Abkürzungen verstehen – richtig deuten und angemessen reagieren

Ein Blutbild beinhaltet neben dem LDL-, HDL-, CRP- und Hk-Wert die Harnsäurewerte. Diese tragen die Abkürzung „HS“. Die Normalwerte der Harnsäure liegen bei Frauen zwischen 2,4 und 5,7 Milligramm pro Deziliter und bei Männern zwischen 3,7 und 7,0 Milligramm pro Deziliter.
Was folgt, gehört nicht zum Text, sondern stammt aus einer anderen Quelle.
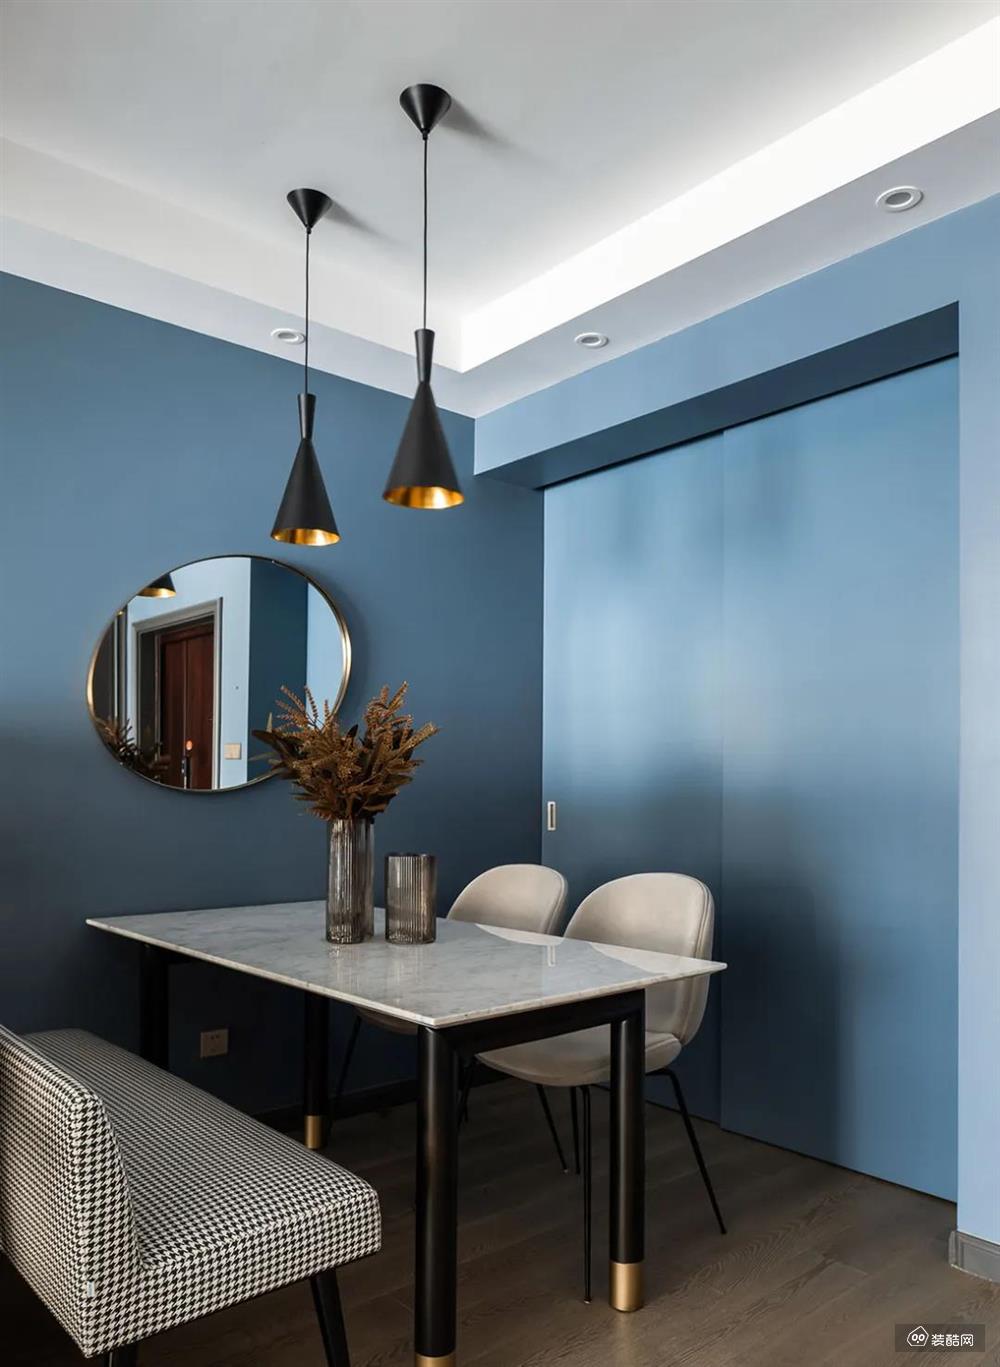 餐厅墙面在蓝色的基础，摆上一张黑色脚+白色石材台面的餐桌，黑白配的设计基础，布置格纹长凳、浅灰色皮艺餐椅，也让用餐氛围显得现代简洁而清爽大方。
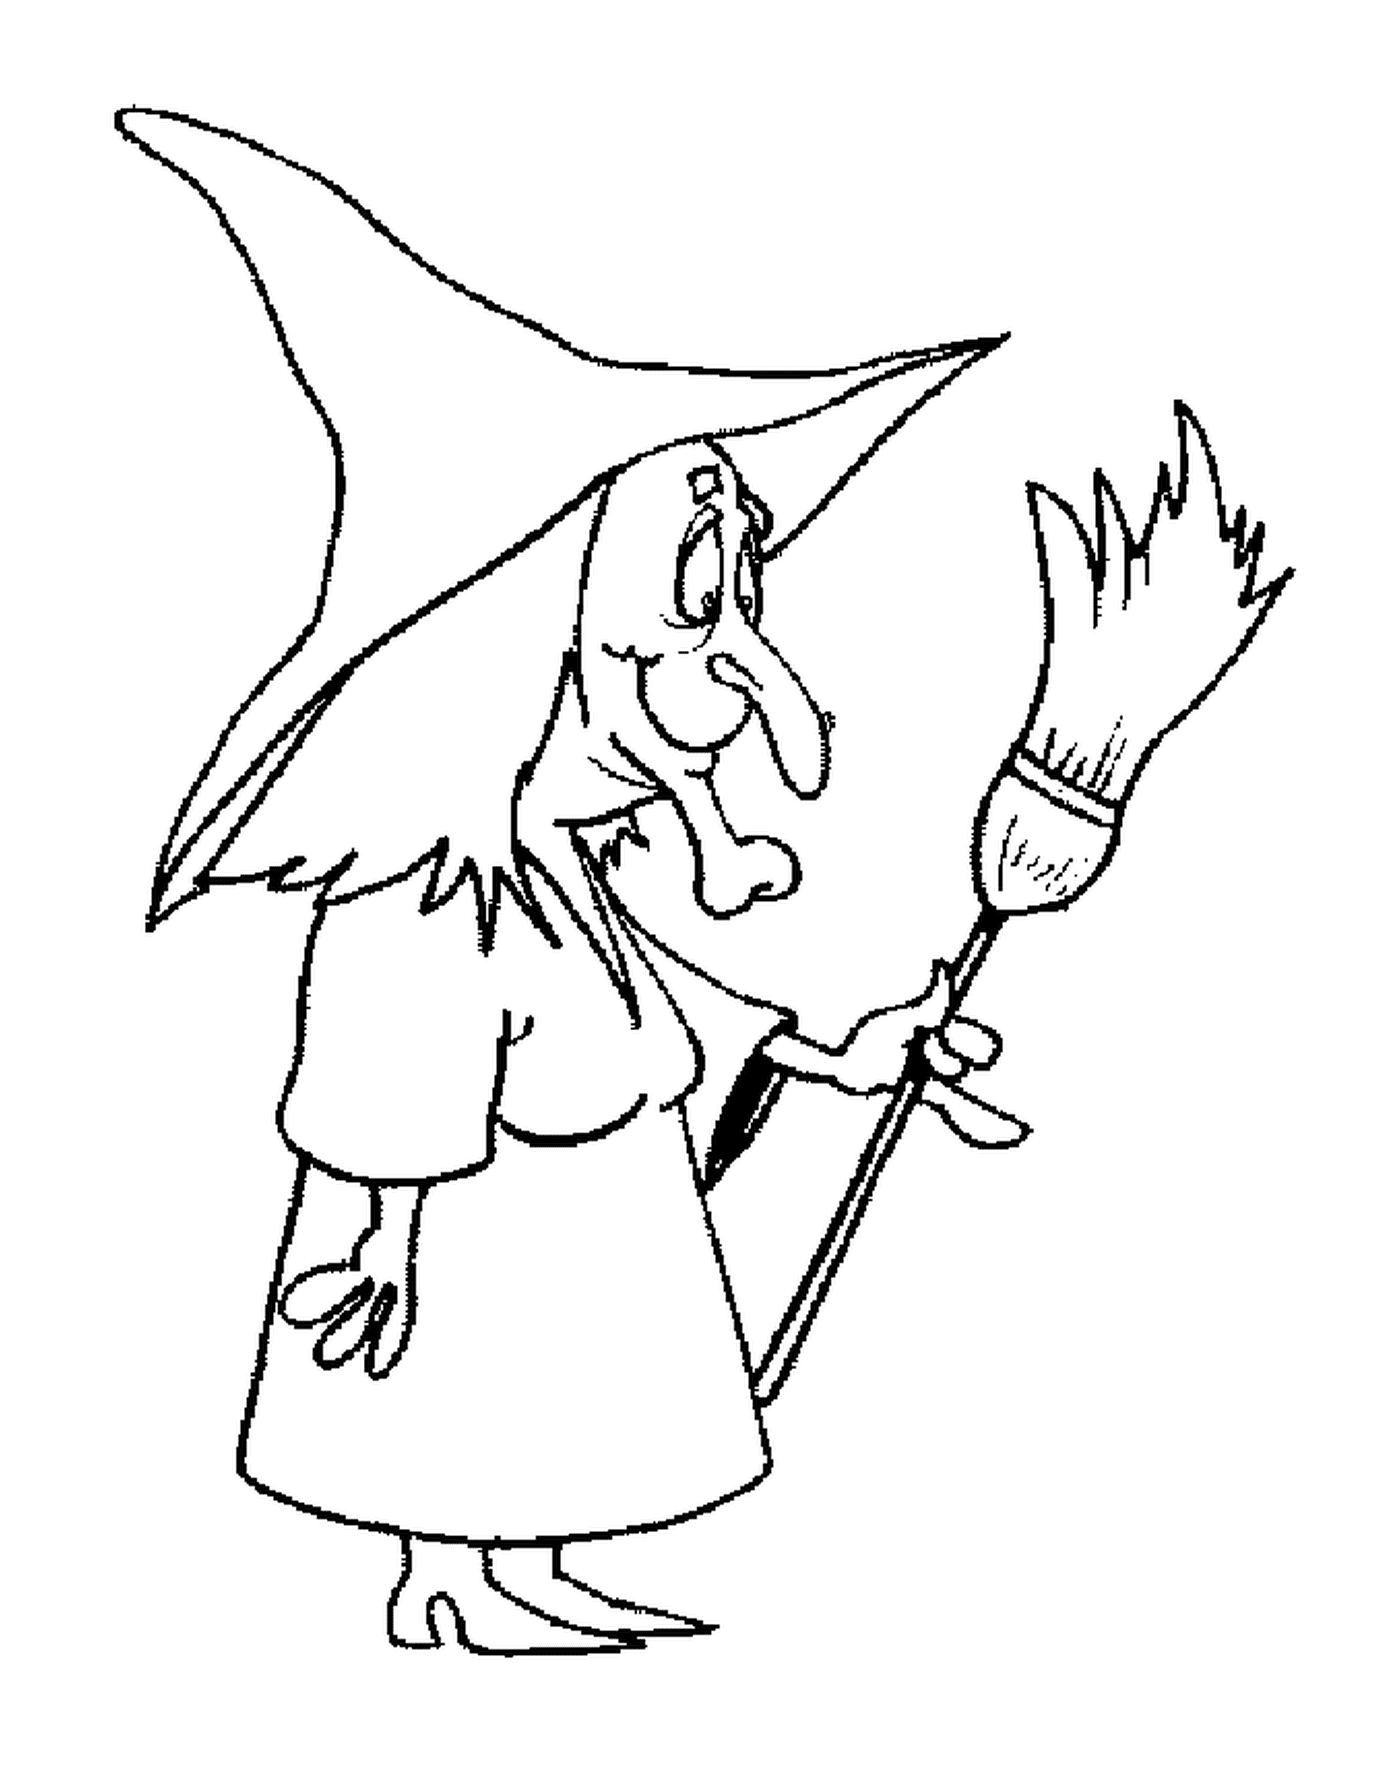 dessin d une sorciere avec son balai a la main

Ein erhöhter Harnsäurewert deutet auf eine Fehlfunktion der Nieren hin. Die Ursache hierfür ist beispielsweise eine Ernährung mit purinreichen Mahlzeiten. Nicht zuletzt zählt der Gamma GT-Wert zu den wissenswerten Blutwerte Abkürzungen. Die Bezeichnung des Wertes steht für „Gamma-Glutamyl-Transferase“. Damit ist ein Enzym gemeint, das in verschiedenen Organen des menschlichen Körpers vorkommt. Die Gamma-GT-Werte, die ein Blutbild enthält, stammen aus der Leber des Patienten. Liegen Schäden der Leber oder Gallenwege vor, steigt der Gamma-GT-Wert an. Wer die wichtigsten Abkürzungen der Blutwerte beherrscht, erkennt die vorliegenden Fehlfunktionen des eigenen Körpers frühzeitig und reagiert darauf angemessen.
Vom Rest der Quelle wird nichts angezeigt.